Task to complete.
Leaving all pictures aside, write out the records below precisely as given.

Dataset items:
◇ ◇ ◇ ◇ ◇ ◇ ◇

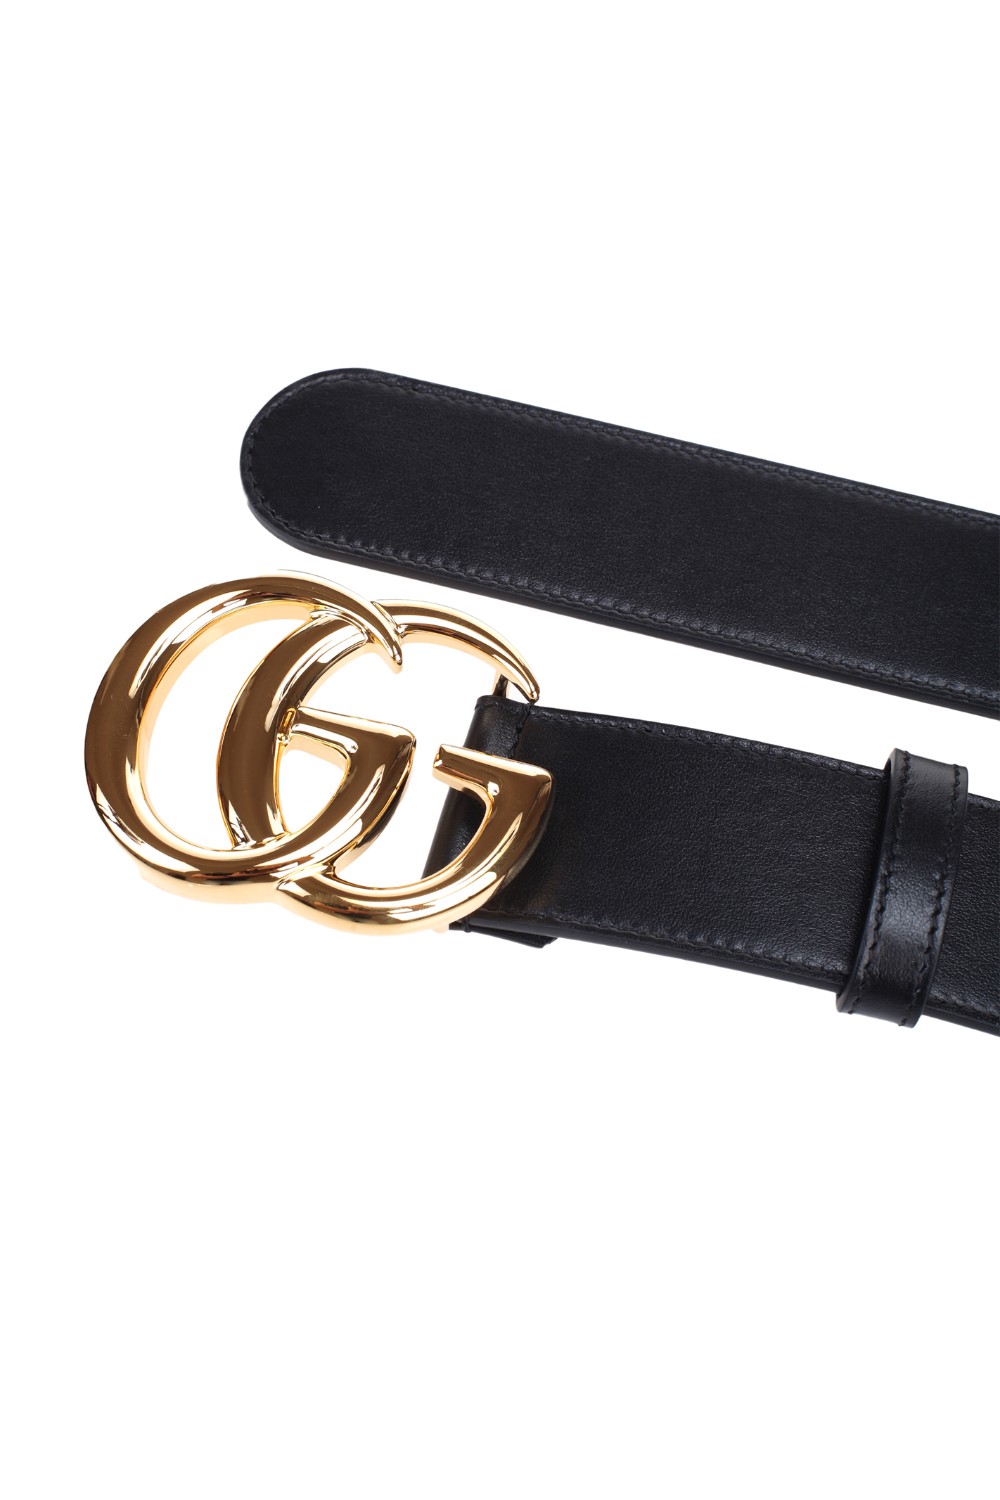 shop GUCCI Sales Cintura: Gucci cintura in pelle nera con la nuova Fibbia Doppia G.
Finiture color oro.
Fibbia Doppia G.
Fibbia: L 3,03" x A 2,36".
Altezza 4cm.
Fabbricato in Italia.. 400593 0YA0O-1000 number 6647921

◇ ◇ ◇ ◇ ◇ ◇ ◇

Solution for this task.
 shop GUCCI Sales Cintura: Gucci cintura in pelle nera con la nuova Fibbia Doppia G.
Finiture color oro.
Fibbia Doppia G.
Fibbia: L 3,03" x A 2,36".
Altezza 4cm.
Fabbricato in Italia.. 400593 0YA0O-1000 number 6647921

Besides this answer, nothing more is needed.